Cormanich Rodrigo A, Goodarzi Mohammad, Freitas Matheus P
Departamento de Química, Universidade Federal de Lavras, CP 3037, 37200-000 Lavras, MG, Brazil.
Chem Biol Drug Des. 2009 Feb;73(2):244-52. doi: 10.1111/j.1747-0285.2008.00764.x.
Inhibition of tyrosine kinase enzyme WEE1 is an important step for the treatment of cancer. The bioactivities of a series of WEE1 inhibitors have been previously modeled through comparative molecular field analyses (CoMFA and CoMSIA), but a two-dimensional image-based quantitative structure-activity relationship approach has shown to be highly predictive for other compound classes. This method, called multivariate image analysis applied to quantitative structure-activity relationship, was applied here to derive quantitative structure-activity relationship models. Whilst the well-known bilinear and multilinear partial least squares regressions (PLS and N-PLS, respectively) correlated multivariate image analysis descriptors with the corresponding dependent variables only reasonably well, the use of wavelet and principal component ranking as variable selection methods, together with least-squares support vector machine, improved significantly the prediction statistics. These recently implemented mathematical tools, particularly novel in quantitative structure-activity relationship studies, represent an important advance for the development of more predictive quantitative structure-activity relationship models and, consequently, new drugs.

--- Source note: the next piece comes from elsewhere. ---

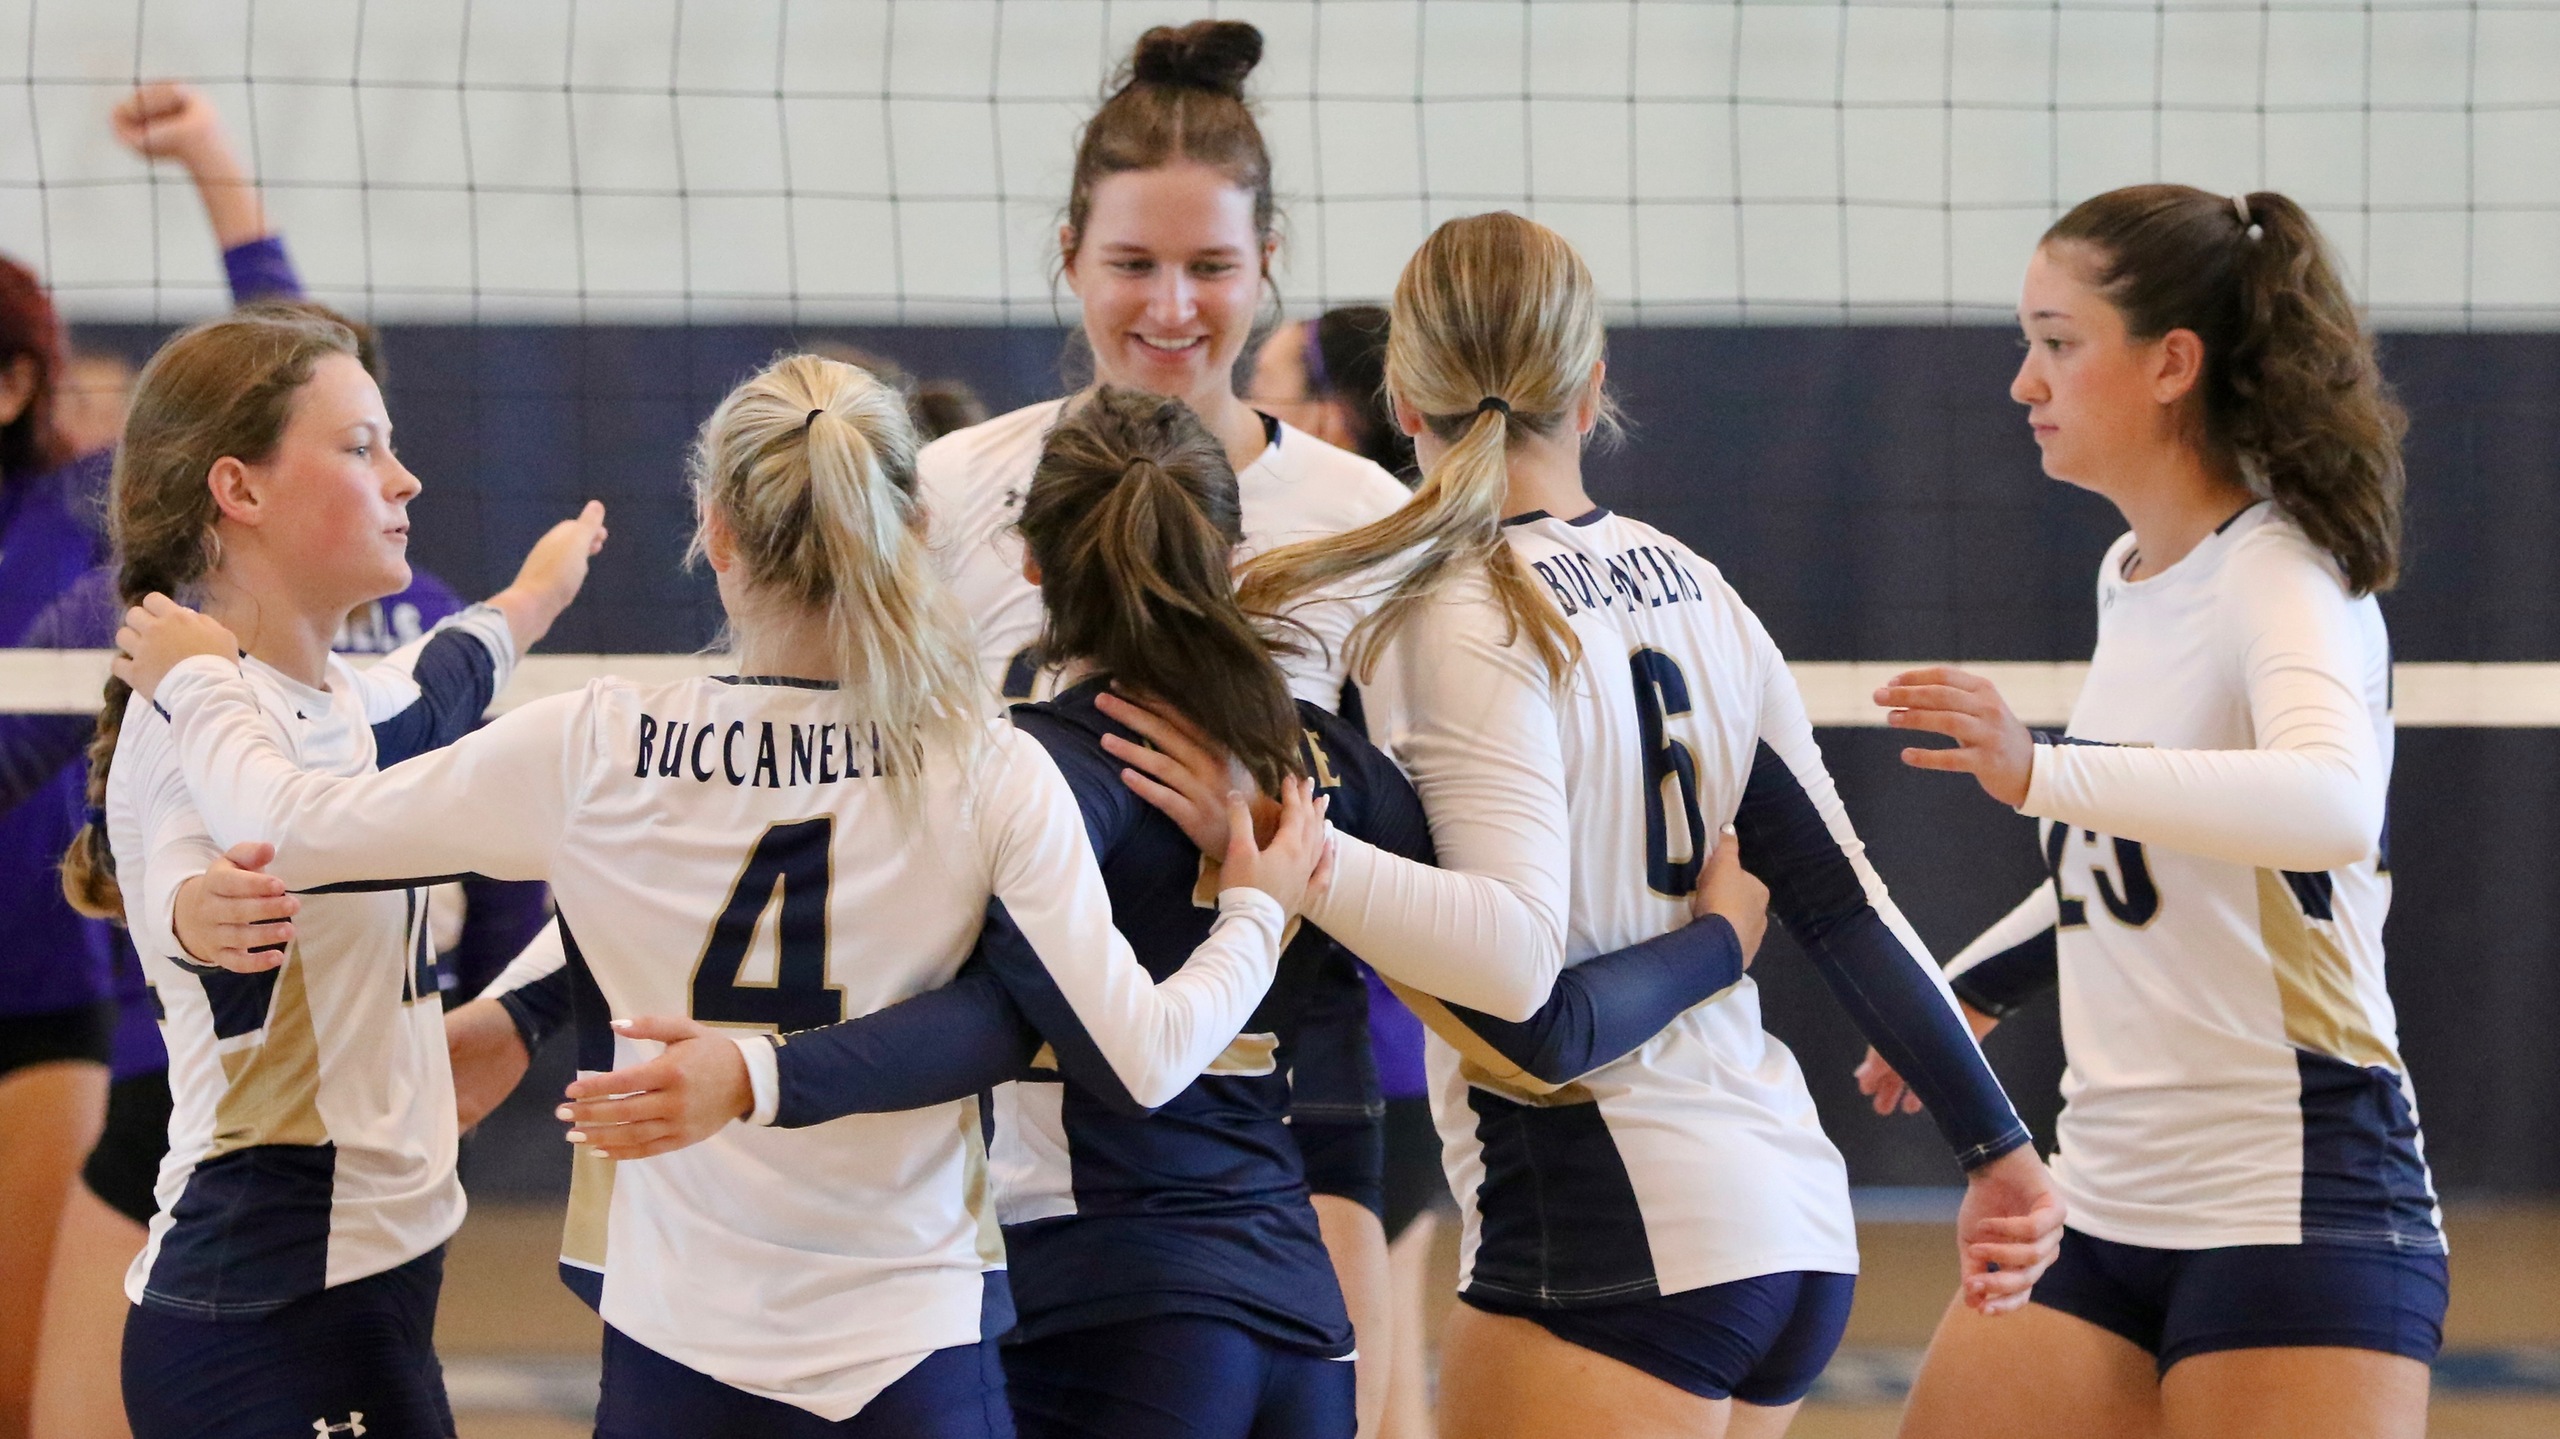 Volleyball: Bucs Split With Lynx and Grims
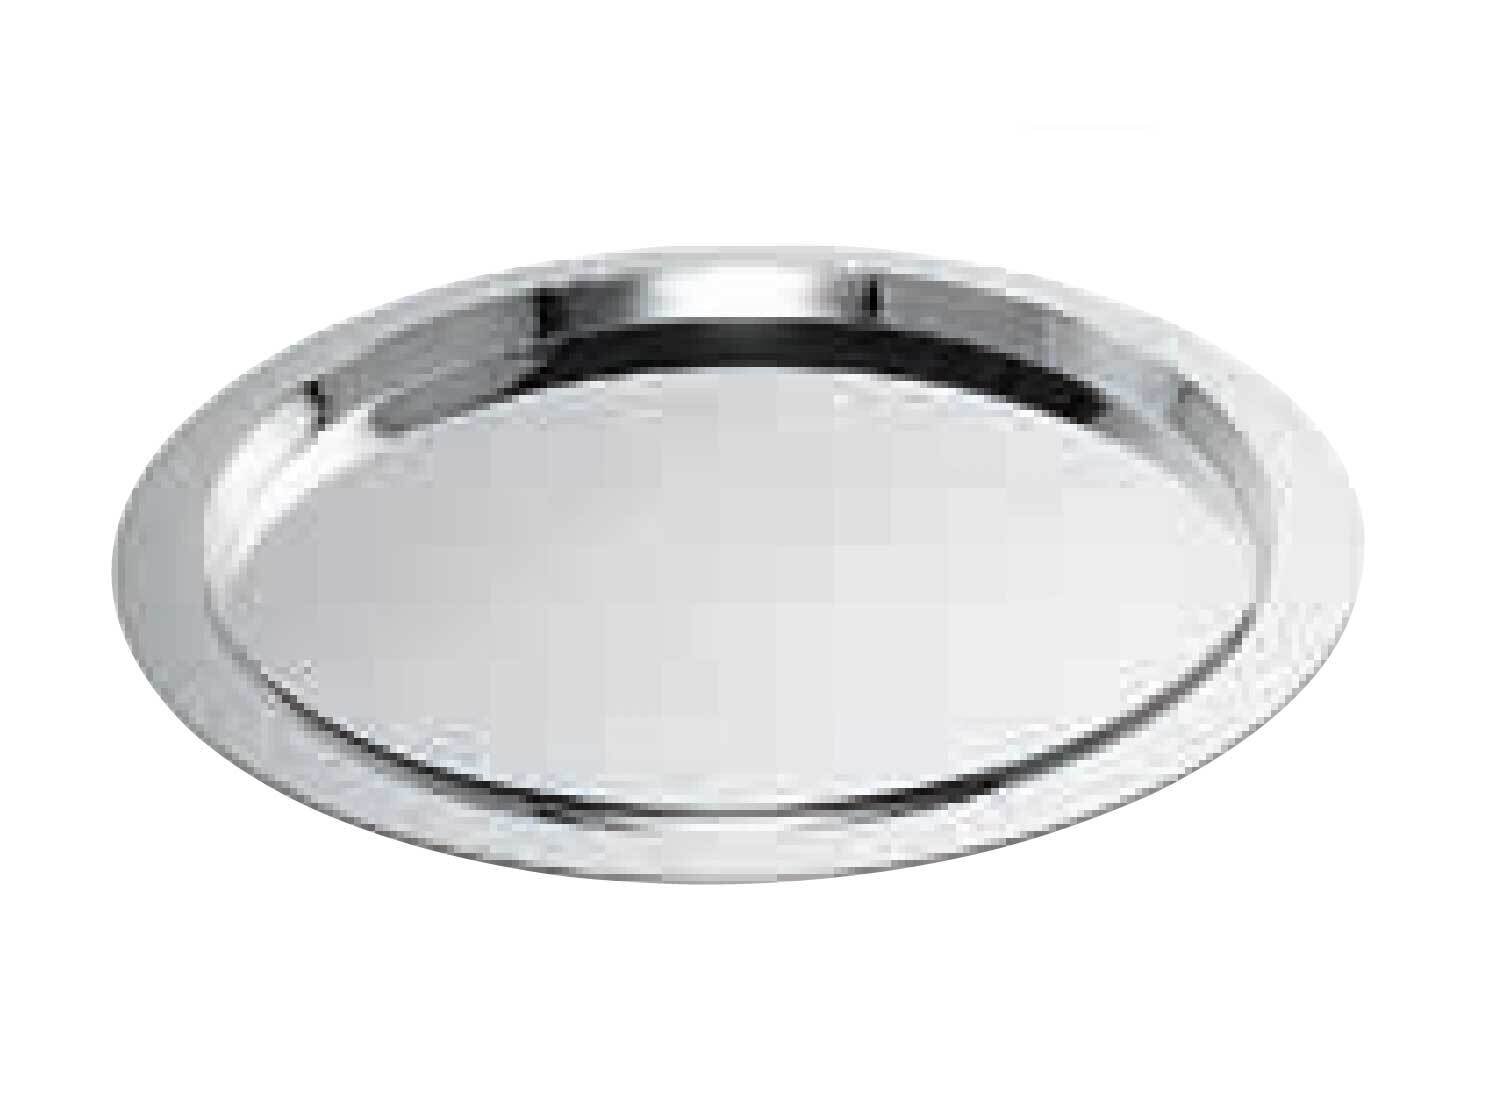 Ercuis Saturne Round Tray 0.75 Inch Stainless Steel F444460-35

抑制酪氨酸激酶WEE1是癌症治疗的重要一步。此前已通过比较分子场分析(CoMFA和CoMSIA)对一系列WEE1抑制剂的生物活性进行建模,但基于二维图像的定量构效关系方法已被证明对其他化合物类别具有高度预测性。这种称为应用于定量构效关系的多变量图像分析的方法在此处用于推导定量构效关系模型。虽然著名的双线性和多线性偏最小二乘回归(分别为PLS和N-PLS)仅能使多变量图像分析描述符与相应的因变量有合理的相关性,但使用小波和主成分排序作为变量选择方法,再结合最小二乘支持向量机,显著改善了预测统计结果。这些最近实施的数学工具,在定量构效关系研究中尤其新颖,代表了开发更具预测性的定量构效关系模型以及新药物方面的重要进展。